An additional measure of antiviral MBC function is the expression of T-bet (Knox et al., 2017a). MBCs that express T-bet are associated with rapid differentiation into secondary PBs that produce high-affinity, viral-specific antibodies during a secondary infection (Knox et al., 2017b). We found on average a higher number of T-bet⁺ RBD-specific MBCs in CoV2⁺ individuals than in HCs at Visit 1, and the higher numbers were maintained at Visit 2 (Figure 2J). Together these data demonstrate that IgG⁺ RBD-specific classical MBCs not only form and persist in response to mild COVID-19, but their numbers continue to increase from 1 to 3 months post-symptom onset.

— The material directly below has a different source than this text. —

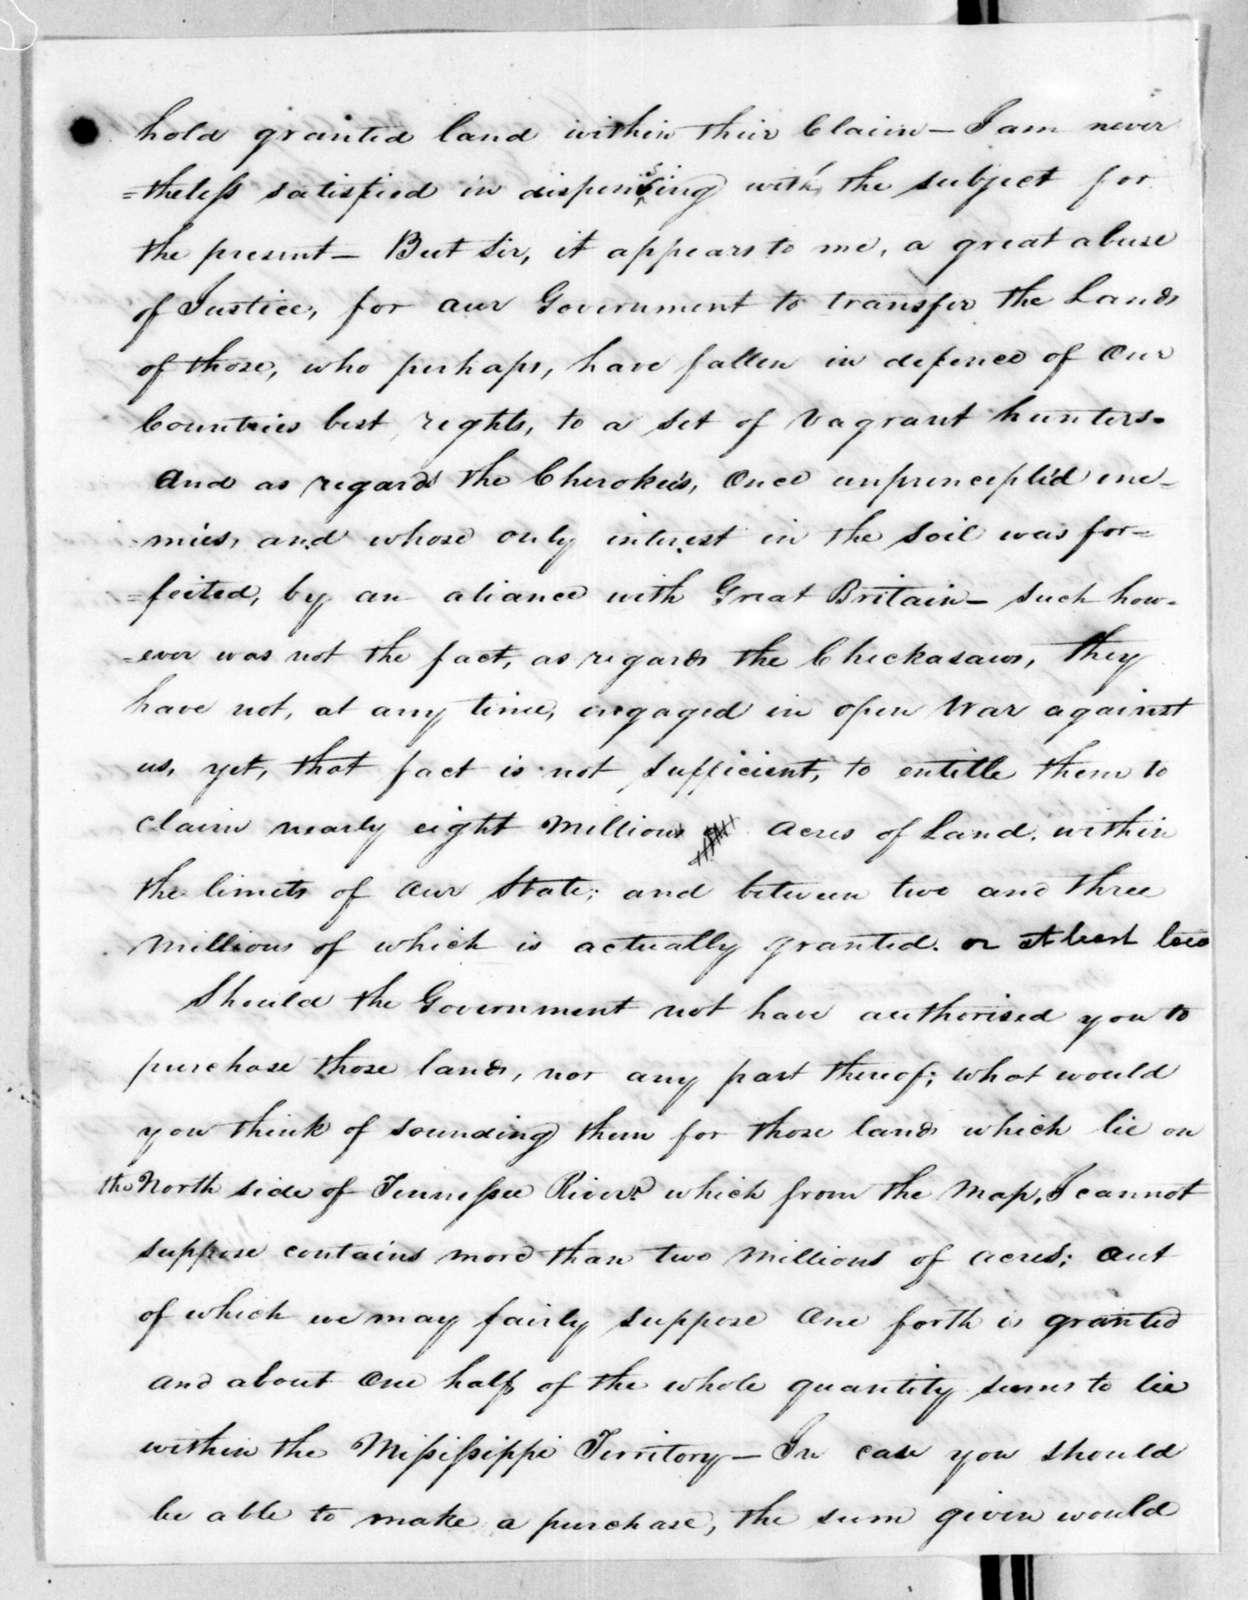 Joseph McMinn to Andrew Jackson, August 30, 1816
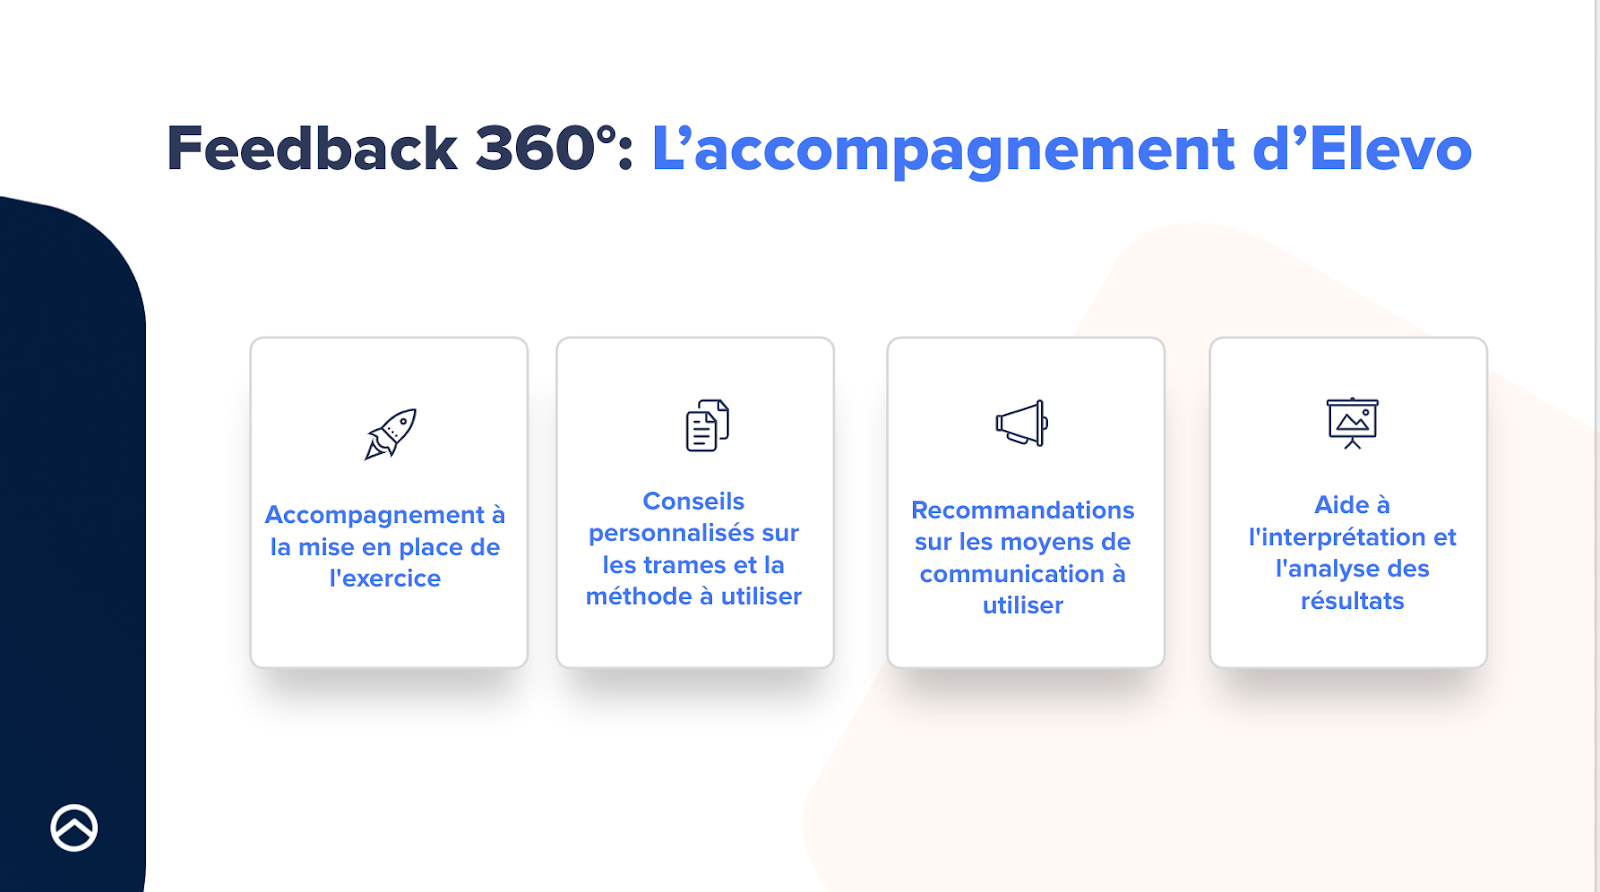 L'accompagnement d'Elevo sur la pratique du Feedback 360°

SARS-CoV-2 Infection Induces Durable, Functional Spike-Reactive Memory CD4⁺ T Cells

The presence of T-dependent IgG⁺ RBD-specific MBCs suggested that antigen-specific memory T cell responses were also present in CoV2⁺ individuals. To enumerate SARS-CoV-2-specific CD4⁺ memory T cells, total PBMCs from HC or CoV2⁺ individuals were incubated with vehicle control or spike protein, and activation marker expression was assessed 20 h later (Figure 3 A) (Bentebibel et al., 2013; Reiss et al., 2017). We first focused on the activation-induced expression of members of specific T-B receptor-ligand pairs including ICOS and CD40L. CD4⁺ T cells from CoV2⁺ individuals at both Visit 1 and 2 demonstrated enhanced expression of ICOS and CD40L after re-activation with spike protein in comparison with vehicle control (Figure 3B). Small numbers of spike-responsive activated CD4⁺ T cells could also be found in a few HC individuals, but on average these were not significantly increased across the HC cohort. Furthermore, there were no significant differences in the numbers of responding cells in CoV2⁺ individuals between Visit 1 and Visit 2, demonstrating that spike-specific memory CD4⁺ T cells were maintained throughout the study (Figure 3B). In addition, greater numbers of CXCR5-expressing circulating T follicular helper (cTfh) cells (Vinuesa et al., 2016) capable of migrating to B cell follicles were seen in re-stimulated samples from CoV2⁺ individuals than from HC individuals, and this was maintained between visits (Figure 3C). Together these data demonstrate that SARS-CoV-2-specific memory CD4⁺ T cells are maintained, and some retain the capacity to provide B cell help, at 3 months post-symptom onset.

Figure 3.

SARS-CoV-2 Infection Induces Durable, Functional Spike-Reactive CD4⁺ T Cells

(A) Representative flow cytometry plots of ICOS and CD40L expression on antigen-experienced (non-CD45RA⁺CCR7⁺) CD4⁺ T cells 20 h after incubation of PBMCs from HC and CoV2⁺ individuals at V1 and V2 with vehicle or SARS-CoV-2 spike.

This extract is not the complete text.